5.1 Intelligent Architecture

Intelligent architecture refers to built forms whose integrated systems are capable of

anticipating and responding to phenomena, whether internal or external, that affect the

performance of the building and its occupants. Intelligent architecture relates to three

distinct areas of concern:

Intelligent design

Appropriate use of intelligent technology

Intelligent use and maintenance of buildings

5.1.1 Intelligent Design

Intelligent design requires that the building design responds to humanistic,

cultural and contextual issues; that it exhibits simultaneous concern for

economic, political and global issues; and that it produces an artificial

enclosure which exists in harmony with nature.

Existing in harmony with nature includes responding to the physical laws of

nature and the proper use of natural resources.

5.1.2 Appropriate Use of Intelligent Technology

The mere availability of a large variety of smart materials and intelligent

technologies often results in their use inappropriate situations. Integrating

intelligent technologies with an intelligent built form that responds to the

inherent cultural preferences of the occupants is a central theme in intelligent

architecture. As an example, in areas where people place a high premium on

operable windows for conservation of electricity, the most appropriate and

efficient air-conditioning strategy for a building may be the use of thermal

mass and night-time free cooling instead of a high-tech air-conditioning

system. In other cases, the use of carefully selected electric lighting and

environmental control strategies may be more appropriate.

5.1.3 Intelligent Use and Maintenance of Buildings

Truly intelligent architecture incorporates intelligent facility management (FM)

processes. For a design to be intelligent it must take into consideration the life

cycle of a building and its various systems and components. Although

intelligent building may be complex, it should be fundamentally simple to

operate, be energy and resource efficient and easy to maintain, upgrade, modify

and recycle.

Materials and equipment that require complex maintenance and unhealthy

cleaning agents, and building components that must be treated as hazardous

waste in the recycling process (e.g. mercury in light-bulbs) would not be used

in a fully developed intelligent architecture.

5.2 Intelligent and Responsive Building Facade

The character of the building envelope will be affected dramatically by the

development of intelligent buildings. Facades designed to integrate a host of emerging

technologies will have an inherent ‘intelligence’ and be able to respond automatically,

or through human intervention, to contextual conditions and individual needs.

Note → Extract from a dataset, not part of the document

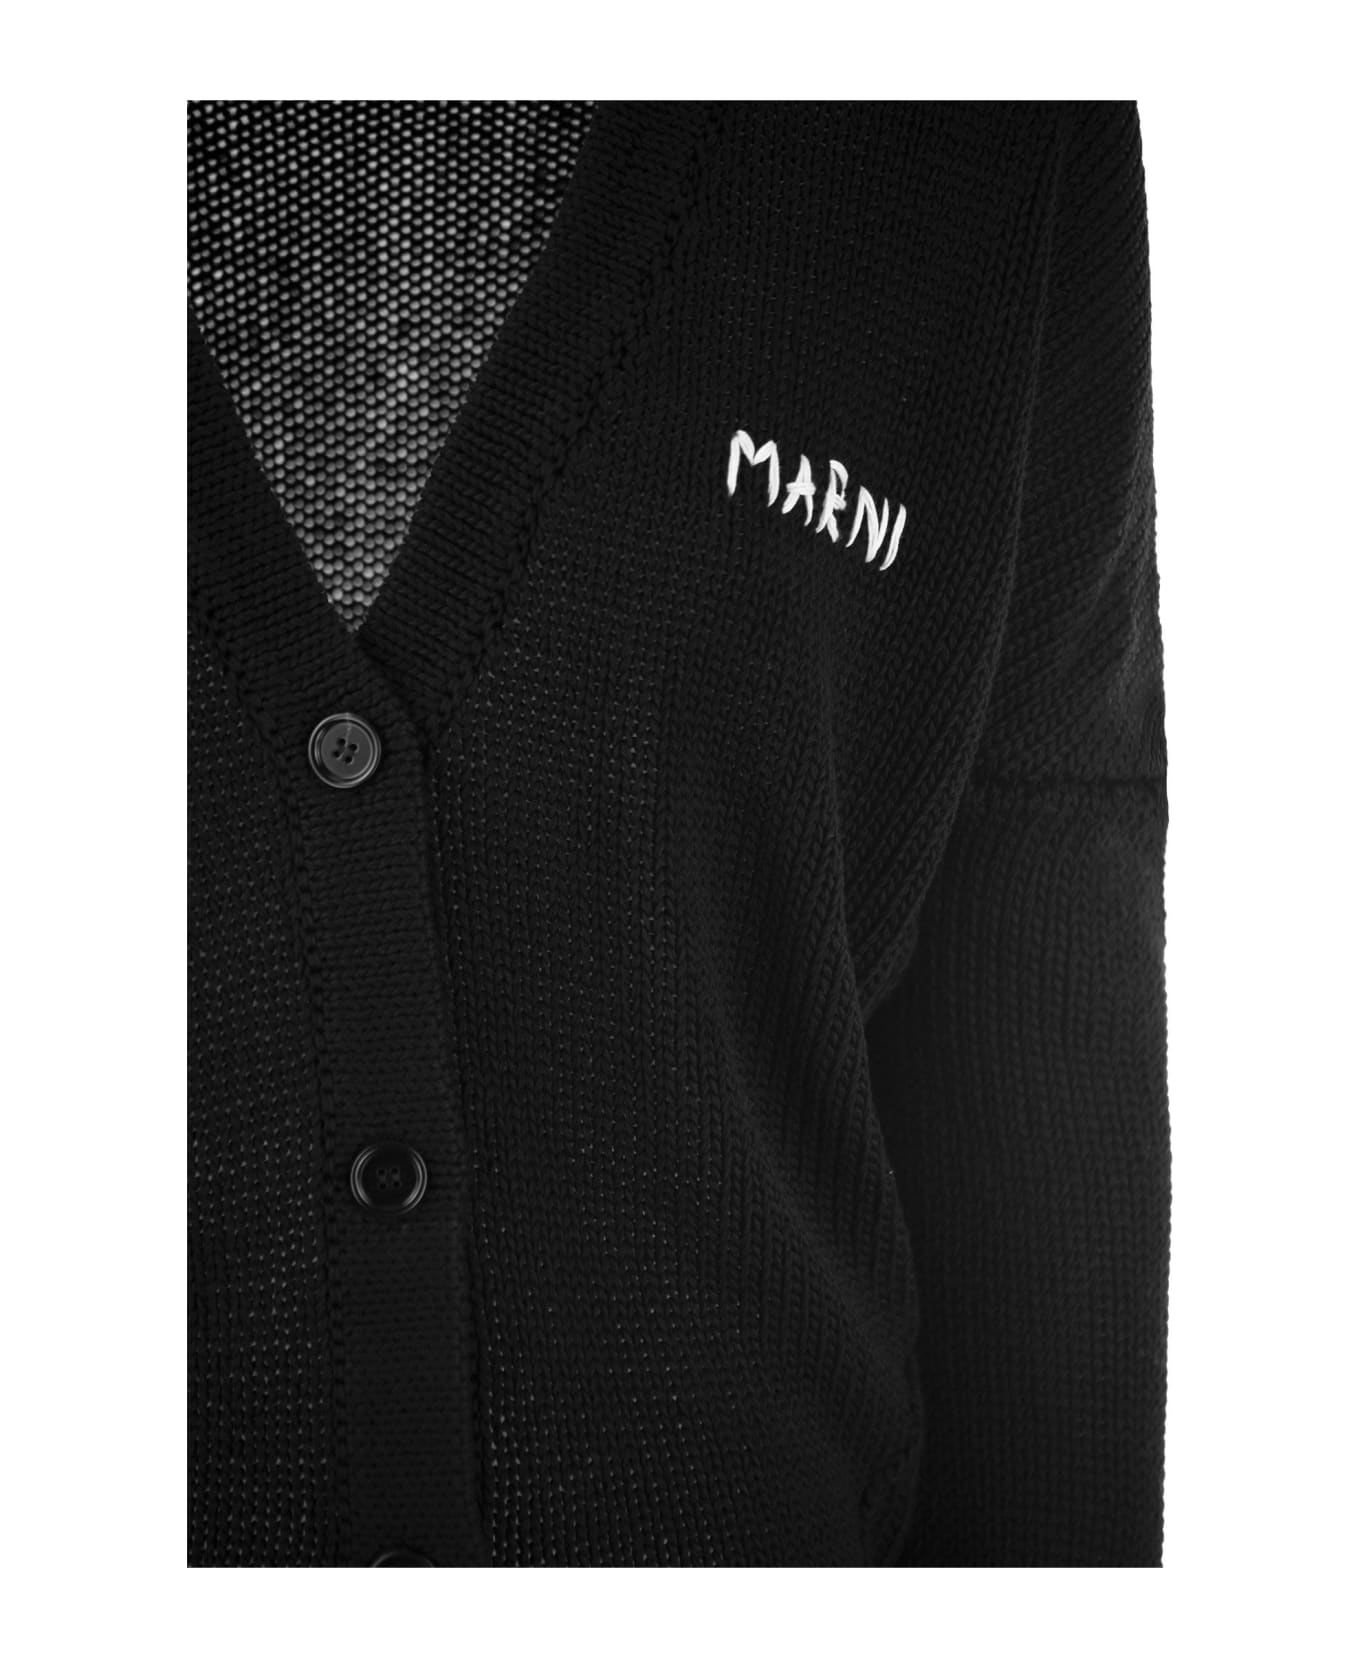 Marni Cotton Cardigan - Black

Intelligent facades currently can:

Be centrally controlled while still providing the occupant with the ability to manually

override the system

Change their thermo physical properties such as thermal resistance, transmittance,

absorptance, permeability, etc;

Modify their interior and exterior colour and/or texture;

Function as communicating media facades with video and voice capabilities;

Change optical properties and allow the creation of patterned glazing, providing the

opportunity for dynamic shading and remote light control.

The development of the intelligent and responsive facade necessitates the redefinition

of the terms ‘windows’ and ‘wall’. With the introduction of new glazing and wall

assemblies, what is ‘transparent’ may become ‘opaque’ with the flick of a switch.

Central controls for intelligent facades will respond to climatic conditions by

transforming the building envelope to optimize heating and cooling loads, daylight

utilization, natural ventilation, and so on. Intelligent facades will transport daylight

deep into a building’s interior and allow the occupants to determine the degree of

luminous, acoustical and thermal comfort required along with the degree of visual and

acoustical privacy provided by the enclosure.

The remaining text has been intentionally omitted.